# damaged combat boots



## Manimal (15 Dec 2005)

when i got my boots, i noticed that the texture was pealing off the one boot. flaking off to be exact.
when polishing the boots some of it would rub off. in places the boots will not shine when polished in those places. (on the toe, it shines all around but not in one area on one boot)

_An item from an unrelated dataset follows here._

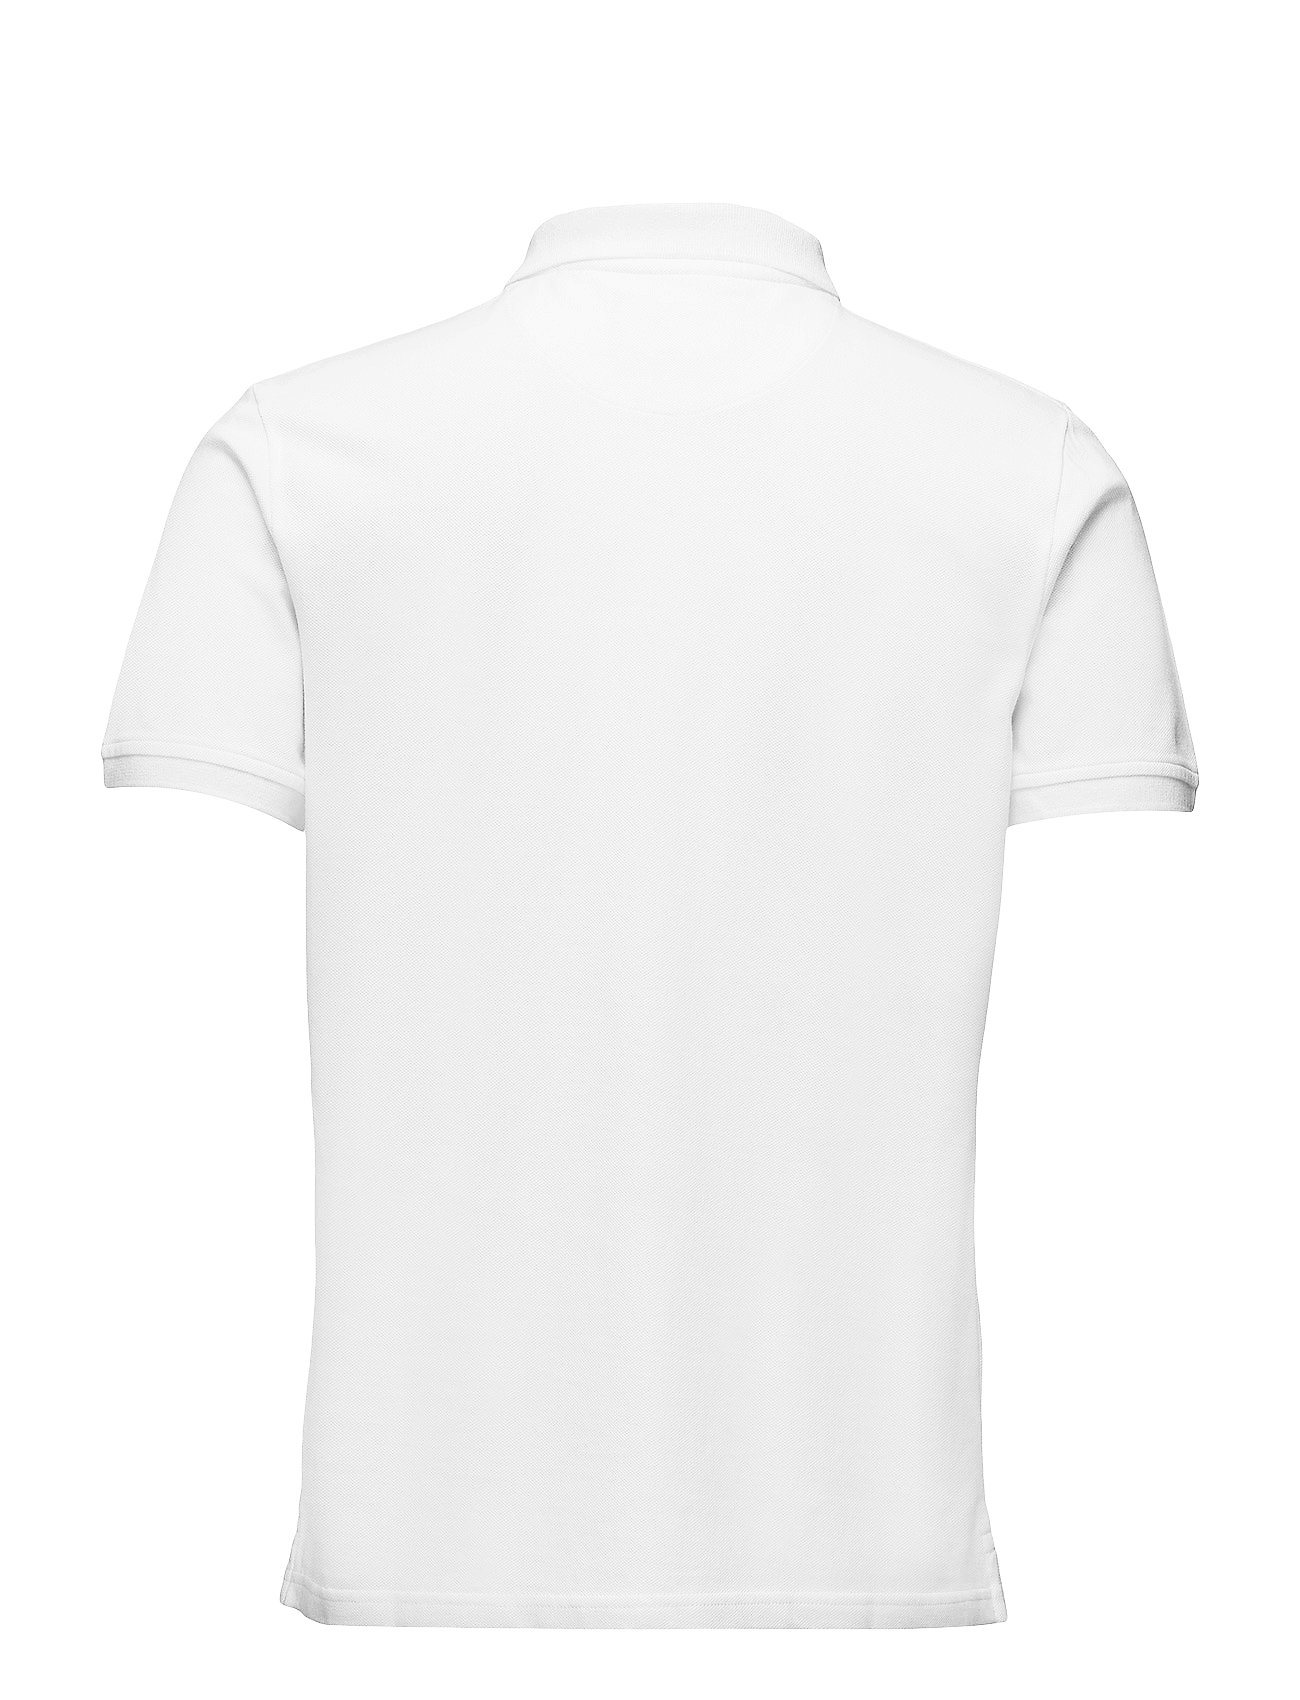 Polo ShirtwhiteLyleamp; Polo Polo Scott ShirtwhiteLyleamp; Scott ShirtwhiteLyleamp; WEH29IeYbD

the other problem is i have some marks on the boots, one is a swallow scratch, and some other scuff marks. in those places the boots will not shine, i have put a few layers of polish over those areas with no change.

and suggestions


----------



## NavalGent (15 Dec 2005)

Combat boots needn't be brought to a high shine. Just apply polish to the uppers with your brush to blacken them, which will give them a slight sheen. Since they are work boots, scuffs and scratches happen, and shouldn't be a problem.


----------



## Manimal (15 Dec 2005)

thank you.
our 2IC showed us his boots as an example, and from the distance i was at, i did not see any scuffs etc on his.
thanks again!


----------



## Daidalous (18 Dec 2005)

Most likely cause he/she has acquired a 3rd pair, which he/she has brought to a high shine so they can worn only in Garrison.


----------



## Fishbone Jones (18 Dec 2005)

You get two pair of Combat boots. The instructions are on the tag attached. Your boots are to be blackend, not spit shone. Brush the polish on, let it sit a couple of minutes, buff it off with a brush. That's it in a nutshell. Do a "search" on boots, if you feel the need to exceed the dress regs.


----------